§ **Dataset excerpt**
◆ ◆ ◆ ◆ ◆ ◆ ◆

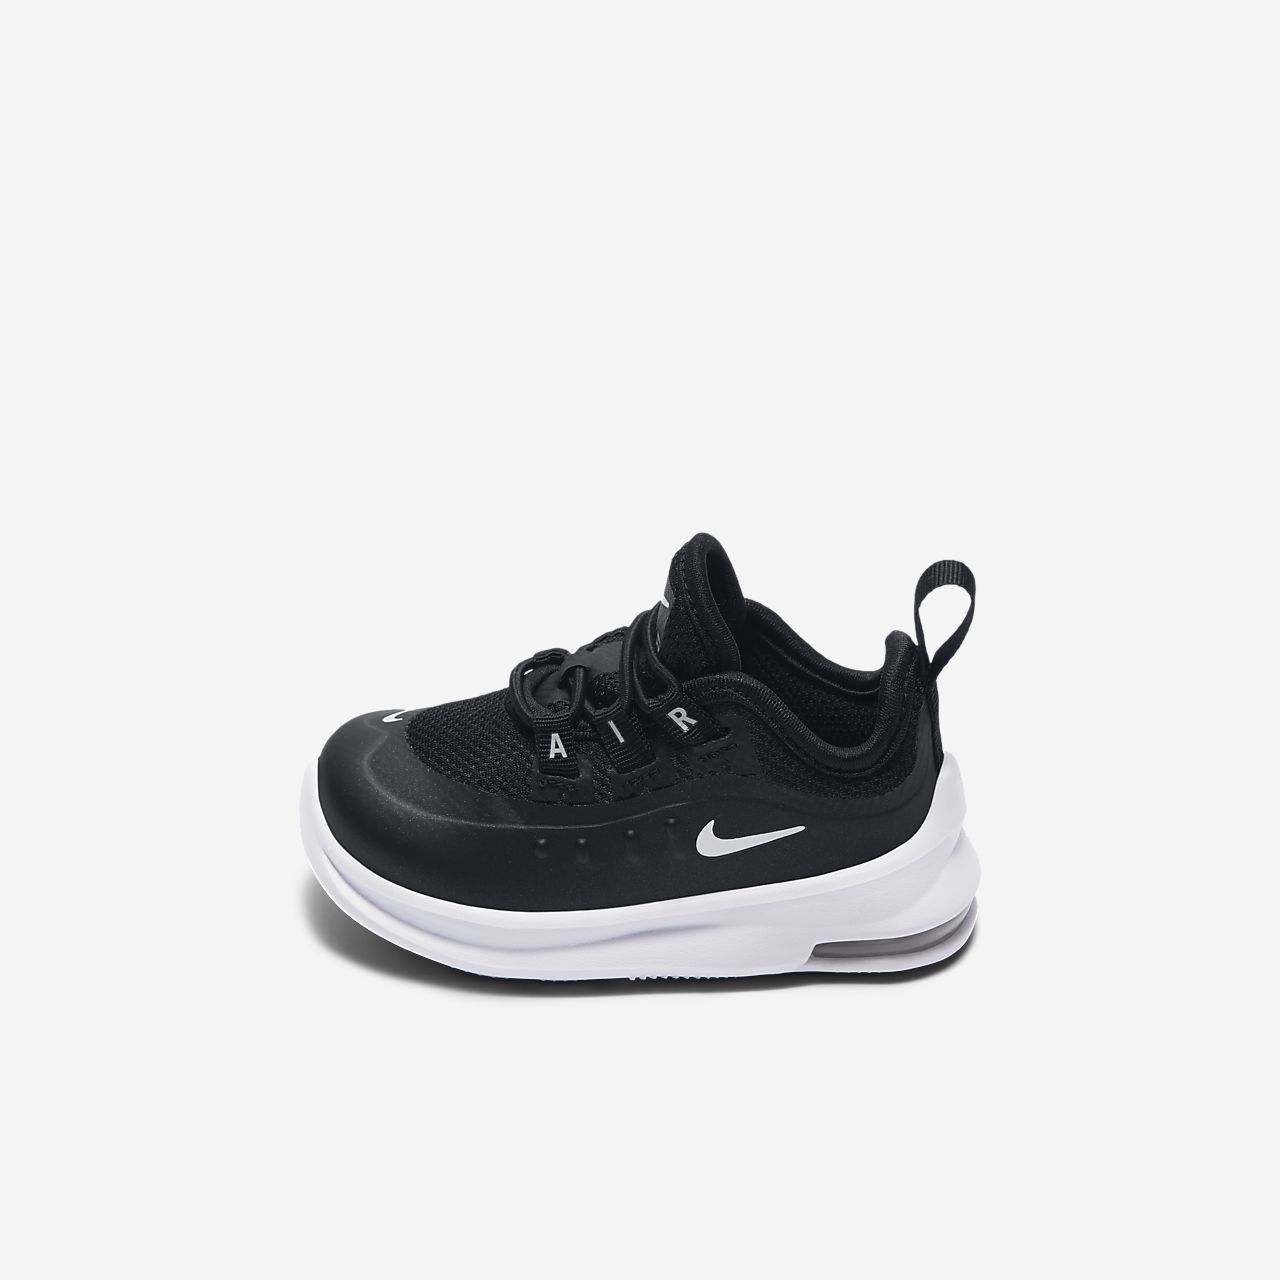 966d1f7654 Scarpa Nike Air Max Axis - Neonati/Bimbi piccoli. Nike.com IT
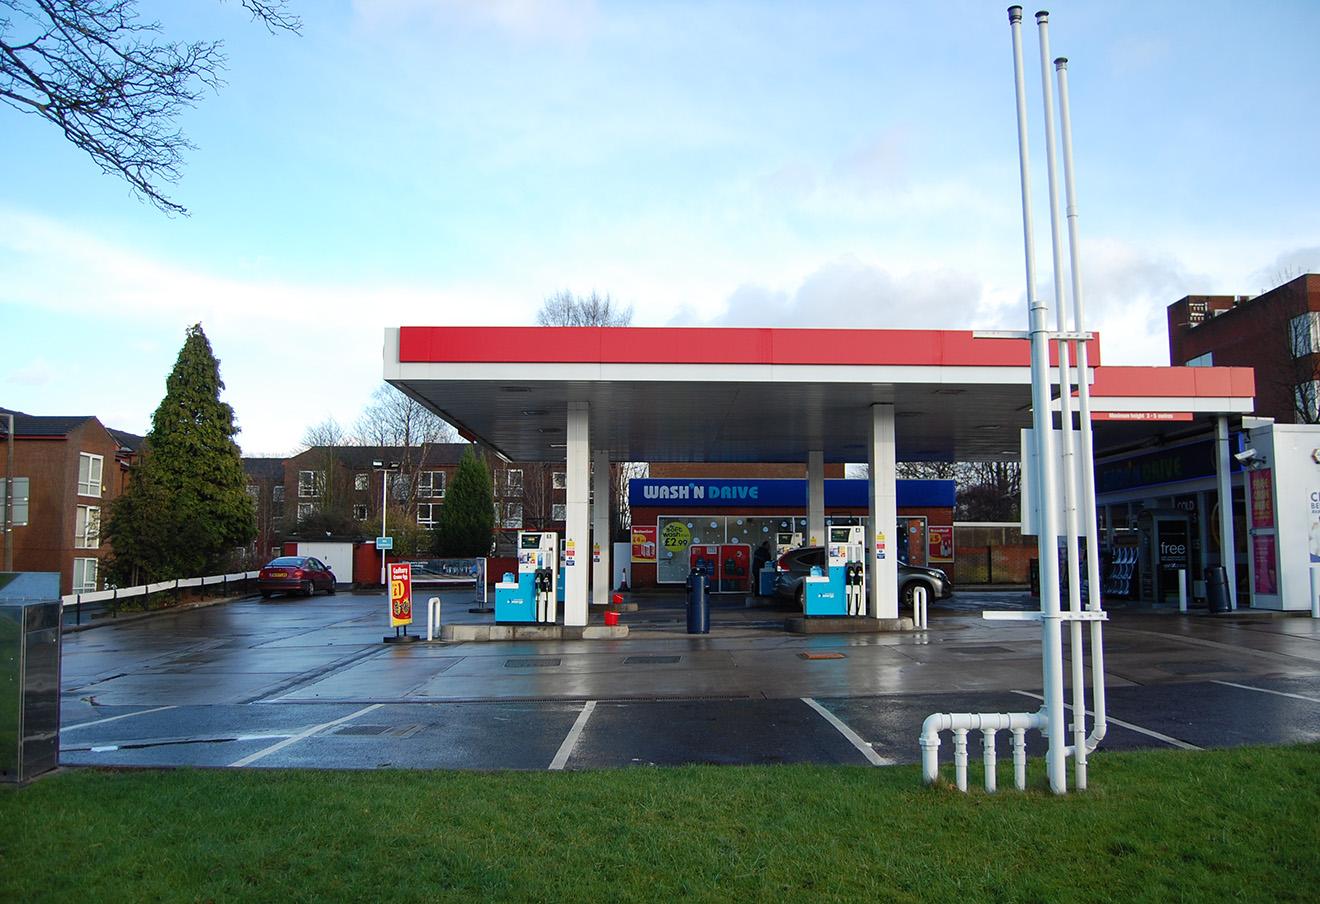 Заправка Esso (Standard Oil) в Манчестере.
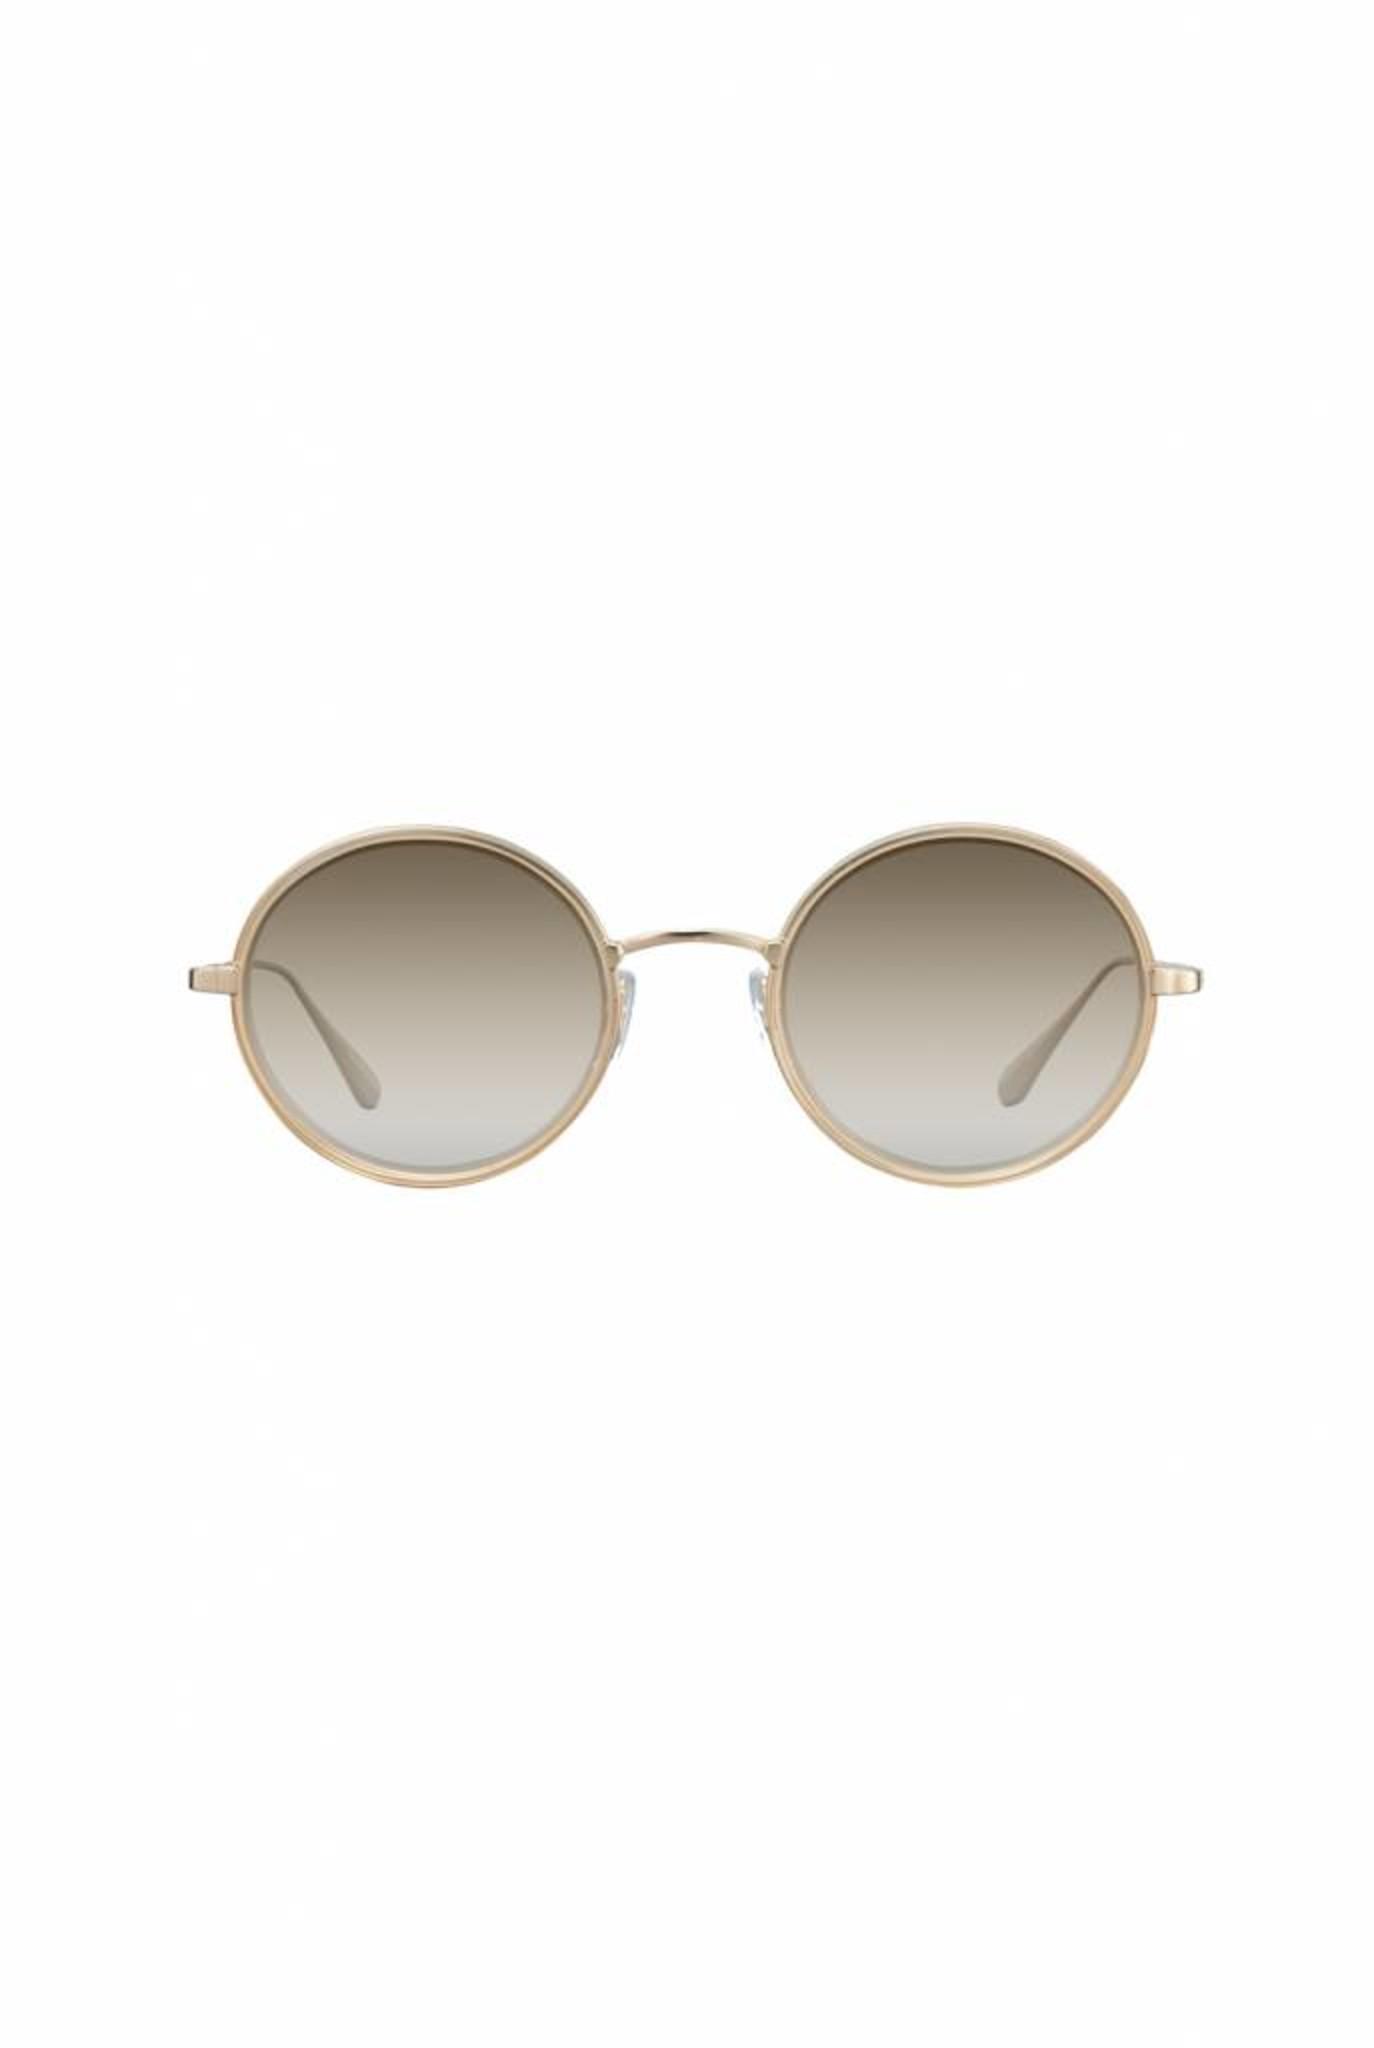 Playa sunglasses Blonde-Gold/Semi-Flat Sunridge Gradient Mirror

◆ ◆ ◆ ◆ ◆ ◆ ◆

§ **Problem to work on**
Word for word, print all of the data; skip the pictures.

§ **Answer to this exercise**
 966d1f7654 Scarpa Nike Air Max Axis - Neonati/Bimbi piccoli. Nike.com IT
 Заправка Esso (Standard Oil) в Манчестере.
 Playa sunglasses Blonde-Gold/Semi-Flat Sunridge Gradient Mirror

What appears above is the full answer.